Pitfalls To Avoid
Pitfalls to Avoid: Let us do another example that points out a real pitfall. Consider the formulas Ff = ∀x.∃y.(x − y) = 1 and Ft = ∀y.∃x.(x − y) = 1. Over
natural numbers, Ff is false (consider x = 0) while Ft is true. Following the method for DFA construction all the way through, however,
Figure 20.6 (which only represents the common matrix of these formulas) will reduce to the same machine with empty language as shown in Figure 20.5. In other words, our reasoning shows that Ff and Ft are false.
The restriction of equal bit-vector lengths: Let us think a bit more carefully about how the DFA construction method treats the matrix x−y = 1. This DFA is based on the following conventions:
- Bit-sequences are to be interpreted in unsigned binary.
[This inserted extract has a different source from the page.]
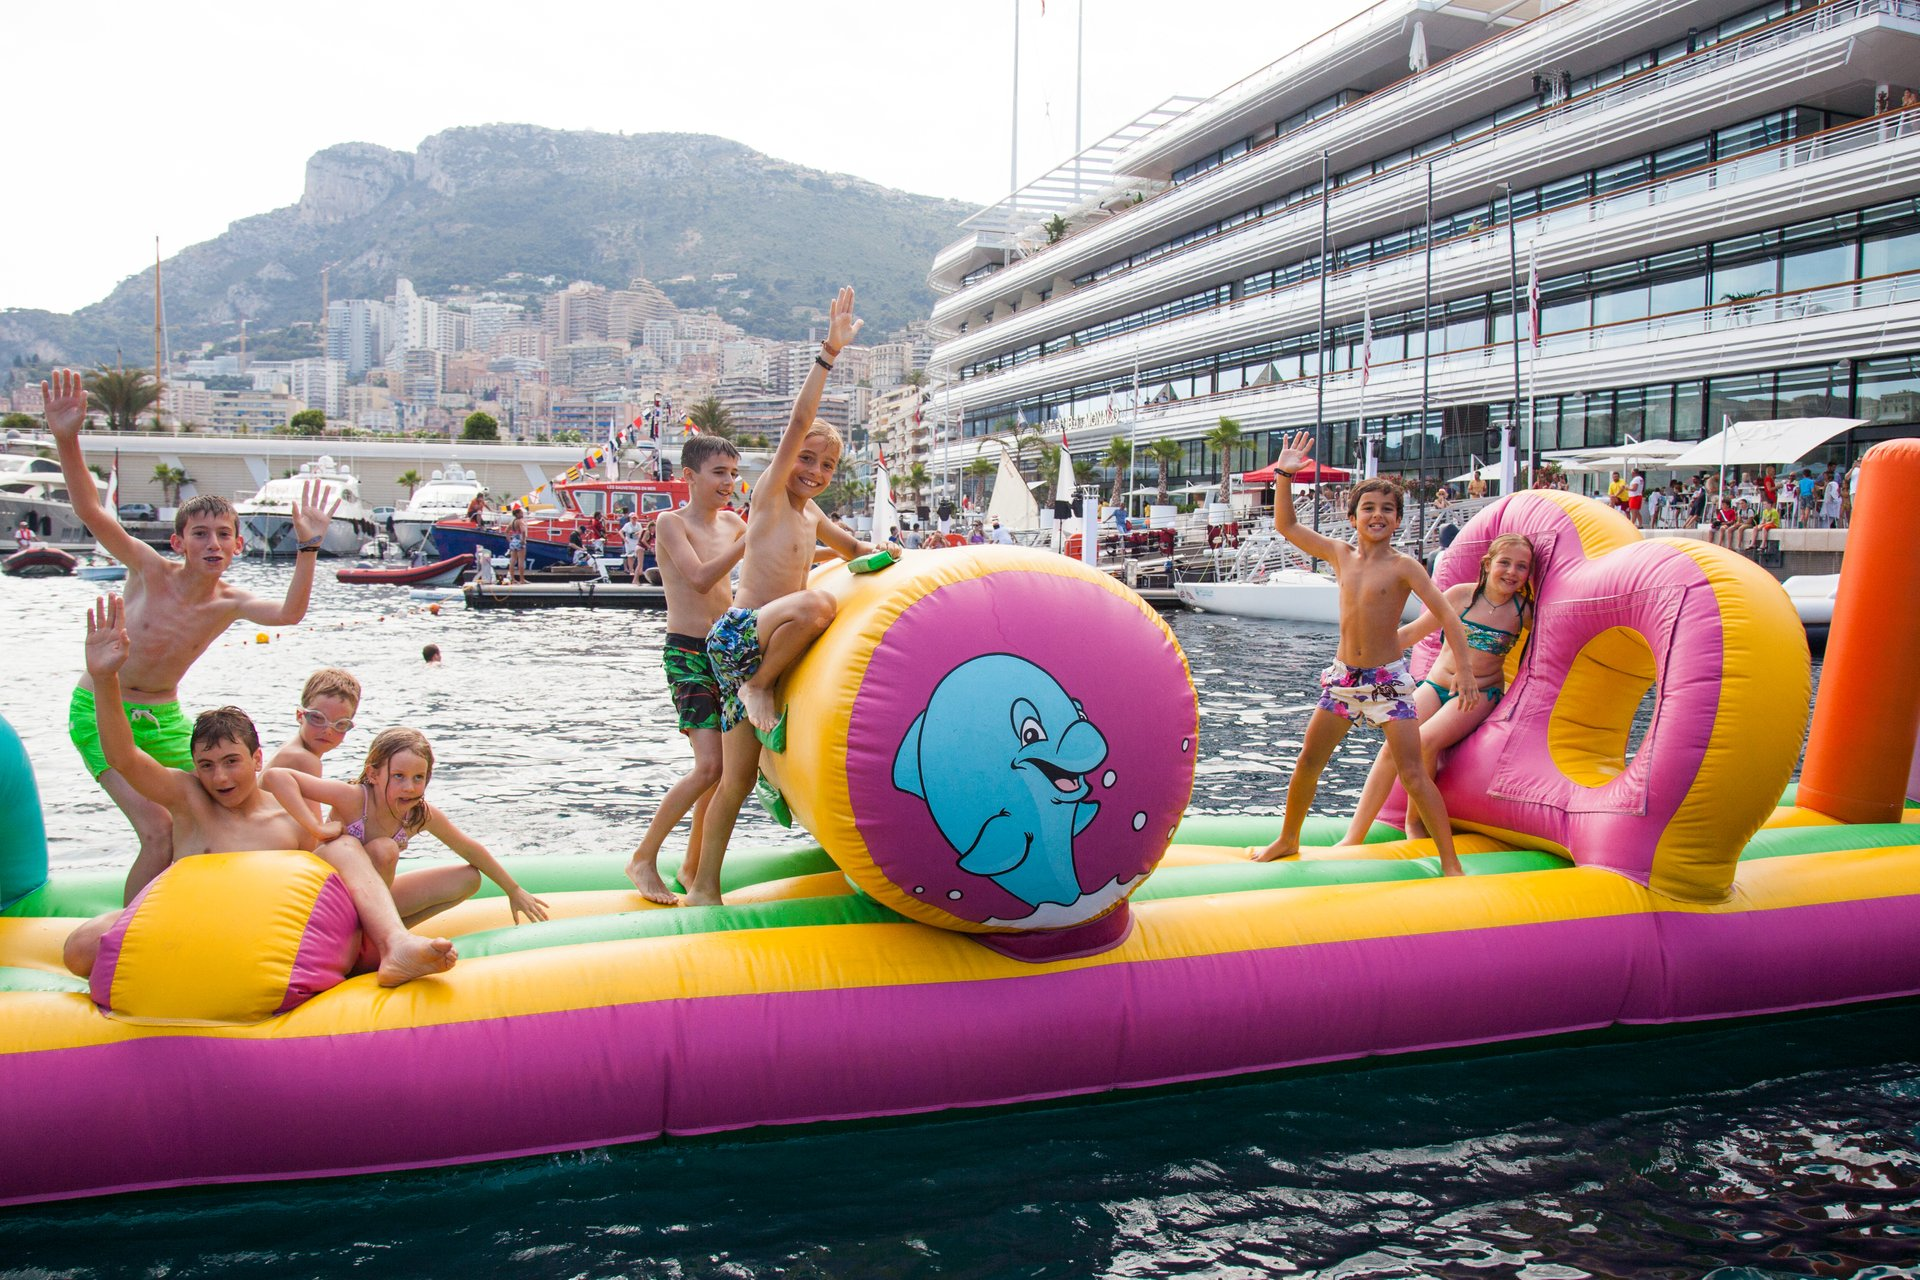 Best time to see Fête de la Mer (Festival of the Sea) 2019

For example, 1 represents the value 1 in decimal while 11 represents 3 in decimal.
- We will accept x and y bit serially with the number of bits of x and y seen at any stage being equal. Suppose we have seen n 1s corresponding to y. What should be the n-long bit sequence corresponding to x such that x − y = 1? We immediately realize that there is no such x!
Therefore, we have to read ∀y.∃x.(x − y) = 1 as
∀y.∃x.[(x − y) = 1 ∧ eqlen(x, y)],
where eqlen is a predicate that asserts that the bit-serial vectors modeling x and y have the same length. With this interpretation, both formulas emerge false. In other words, for any run of y’s of all 1s (equal in magnitude to 2n − 1 for various n), there is no run of x of the same length that exceeds this magnitude.